Вера почти бессознательно назвала цифры номера телефона и даже вспомнила код своего города. Виктор все записал в книжку и в ответ протянул визитную карточку.
– Здесь все мои координаты. Если я вам понадоблюсь, звоните по любому случаю, без причины… А я буду помнить все, о чем сказал вам сегодня. Время пролетит быстро. – Он достал из кармана старинную позеленевшую монетку, с размытым незнакомым барельефом.
– Я нашел ее здесь, на берегу. Возьмите на память. Надеюсь, через пару месяцев снова увидеть ее у вас в руках.
Она ничего не успела ему сказать из того, что припасла, успела только улыбнуться, и он ушел, на прощание легонько стиснув ее руку повыше кисти. «Через пару месяцев», – будто эхом отзывались его удаляющиеся шаги, будто наваждение, будто фантастический призрак встретился Вере у дверей регистратора…
В самолете на Веру что-то накатило, нашло, приятно задурманило; она сидела завороженно, отвернувшись к иллюминатору, где простиралась бесконечная белоснежная пустыня облаков, и тихо, без всхлипов плакала. Светлые, легкие слезы медленно катились по ее щекам, – так плачет невеста, хотя она еще не знает, когда свадьба, но ей сделано предложение от любимого человека, такими слезами плачет бедняк, который, пройдя через унижения нищеты, вдруг получает от дальнего богатого родственника часть наследства, которого хватит до конца дней, так плачет актриса, которая, промучавшись на второстепенных ролях, наконец-то удостоилась самой заветной, главной… Вера плакала и не утирала слезы.
Кубыкин встречал Веру в аэропорту с цветами – со слегка подувядшими гвоздиками, одной желтой и двумя красными, купленными, видать, тут же у старухи-цветочницы. Он был в белой рубахе с длинными рукавами, хотя стояла жара и можно бы выбрать рубашку с коротким рукавом и более выигрышной расцветки, или обойтись стильной футболкой. «У него же они есть, – подумала Вера. – Сама покупала. И опять он сутулится».
Кубыкин был оживленно поспешен, даже чересчур суетлив, радостно сияющий, словно приготовил основательный сюрприз, но бережет его для подходящей неотразимой минуты.
– Заедем домой, чемодан оставим, потом в магазин стройматериалов и сразу на дачу.
– Может быть, на дачу завтра? Я с дороги. Немножко устала. Я бы в ванной посидела. А на вечер могли бы купить бутылку вина, – осторожно намекнула Вера, рассчитывая на ласковое «вечернее» внимание мужа.
– Нет-нет, сегодня поедем. Там отдохнешь.

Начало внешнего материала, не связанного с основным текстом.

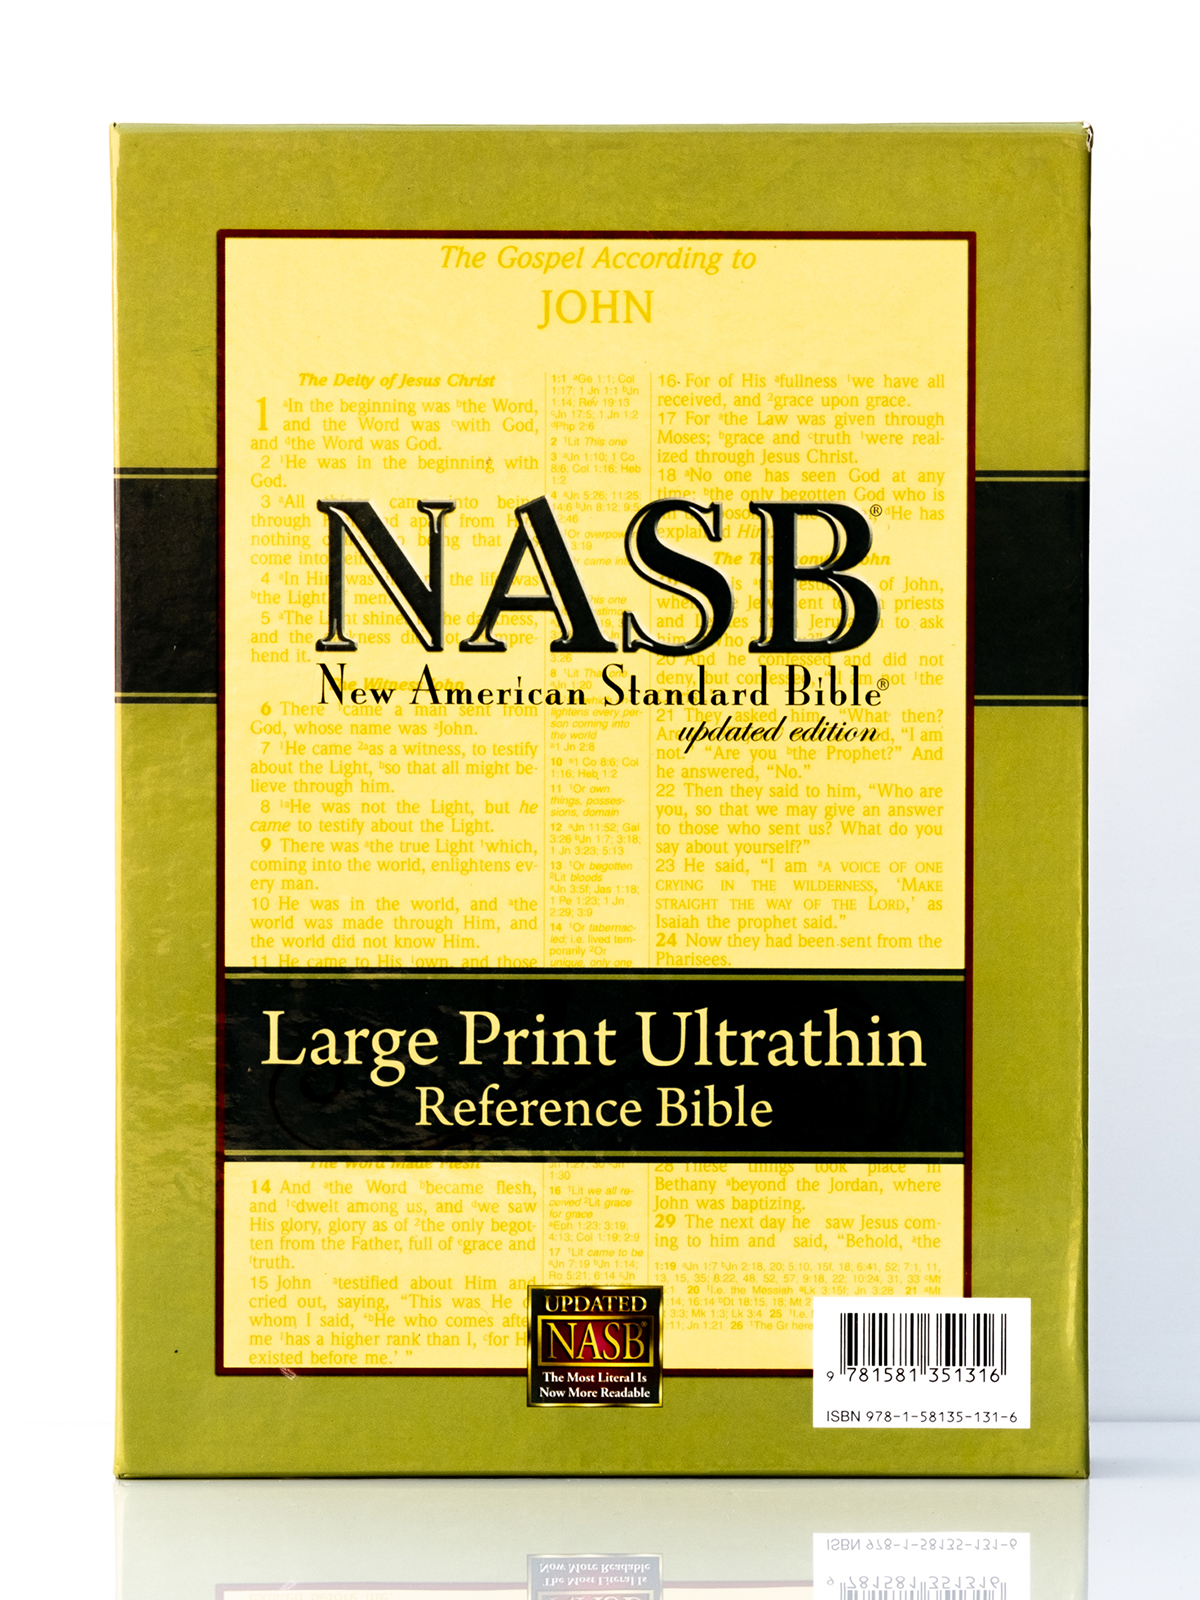 NASB Large Print Ultrathin Bible Box Cover

Вера наблюдала за ним с некоторой отрешенностью. И глядела как-то странно, оценивающе. Словно бы все время хотела задать вопрос: «Что ты, Кубыкин, за человек? Какой магазин стройматериалов, какой смеситель для ванны? Зачем он на даче, если там нет горячей воды? И почему ты в конце концов не обнимешь меня по-хорошему, так чтоб косточки захрустели?» Но все эти вопросы она произнесла про себя.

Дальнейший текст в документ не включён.